# 13 Fishing Freefall?



## Rooster (Apr 8, 2004)

Anyone see one in person yet? Planning to get one?

I’ve talked myself out of an inline reel for the past two years, but I’m seriously considering trying the Freefall. The ability to engage/disengage the spool with one hand would offer some advantages over a spinning reel when vertical jigging. Also, I like the idea of using it as a dead stick reel (baitrunner). However, I don’t have any experience with reels from 13 Fishing, and not sure about the build quality.


----------



## papaperch (Apr 12, 2004)

13 Fishing make excellent products. I can not comment on their customer service as I have never had to use them. The main advantage of inline reel is elimination of line twist. Same thing could be accomplished by using braid as your main line and use of mono as leader. Another advantage is lighter weight. Easier and more precise jigging control if you use pencil grip method.


----------



## walleyeRod (Jan 24, 2011)

Got a inline two years ago eagle claw, and they do free fall great but when your reeling in a big slob on lake Erie the line digs into the spool bad and builds up on one side or the other side so Im not a fan!!!


----------



## capt j-rod (Feb 14, 2008)

I have a 6061 and it does well for heavy jigs. Inline is good for pannies in 10 fow... I have fished side by side with a spinning reel and seen no difference. For horizontal presentations like a jigging rap then I see line twist making a difference. Would I do it again? Nope. Will I get a free fall? Nope. I just haven't seen the significant difference. Pfleugger tritons and presidents for me.


----------



## lovin life (Jan 2, 2010)

13 fishing is top of the line IMO. Have a Whiteout combo and it's my go to rod !


----------



## Shortdrift (Apr 5, 2004)

Had one inline and that was enough. Won't go into details as too many different problems to type.

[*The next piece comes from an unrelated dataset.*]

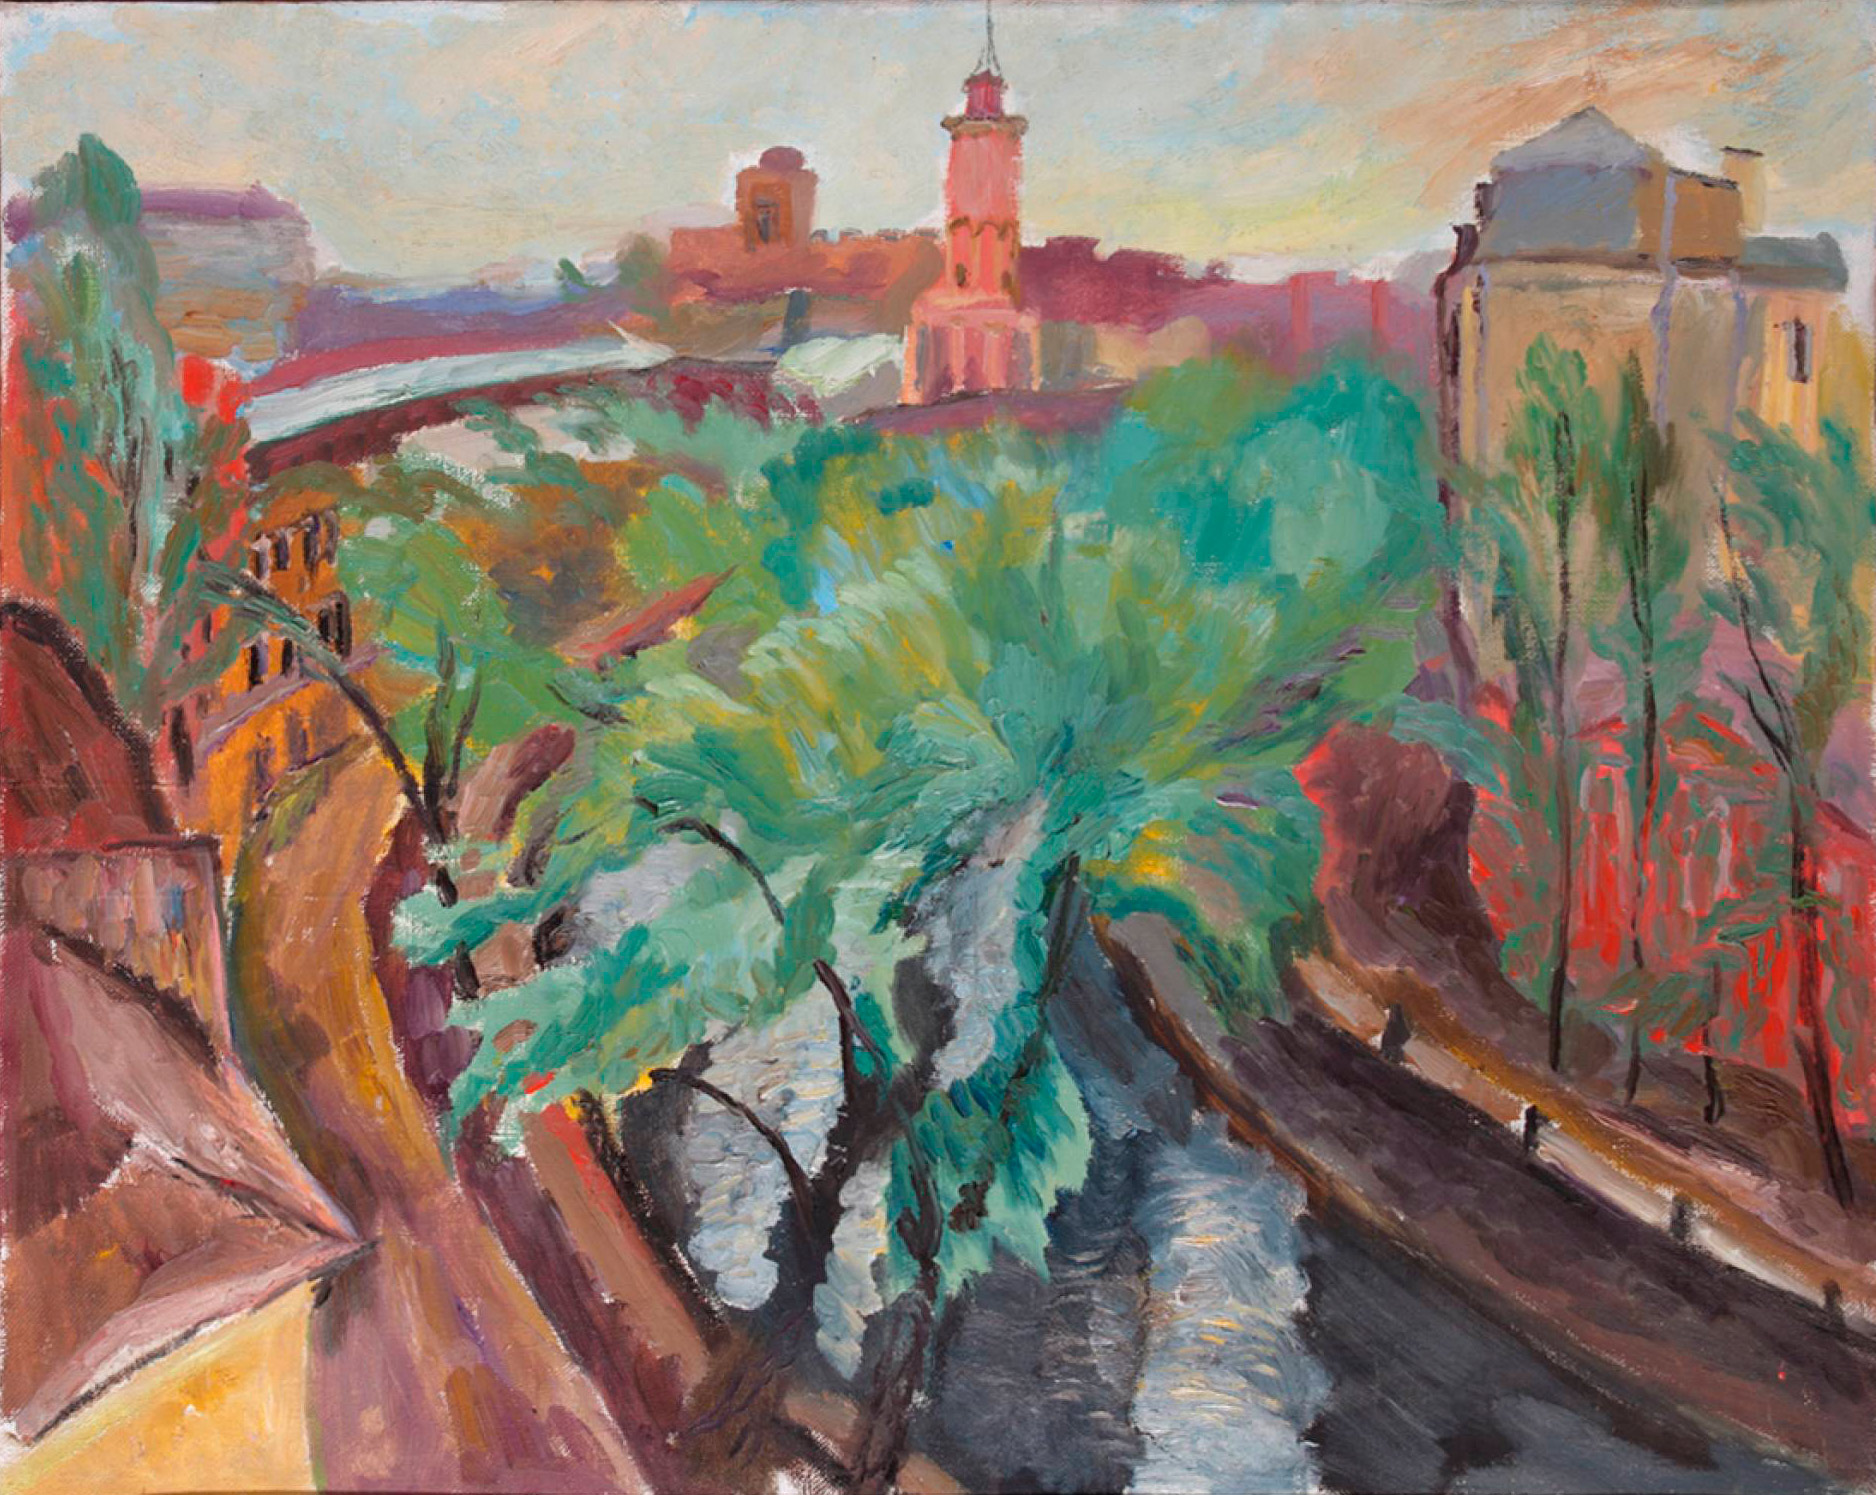 Catherine canal, Kirill Leshchinsky, Buy the painting Oil

As far as 13 goes, I purchase one of their baitcasters and had constant problems with line getting between the spool and the frame. Way more clearance than my Lews and Shimano and Diawa. Took it back to the dealer and he said there were some QC issues that 13 needed to improve on. My experience was two years ago. Perhaps 13 has improved.


----------



## Salmonid (Apr 14, 2004)

I love my 6060 Ice reel, top quality and yes every once in a while the line will get between the reel and the spool but its well worth it....I just wish I had more money to buy more of them....LOL


----------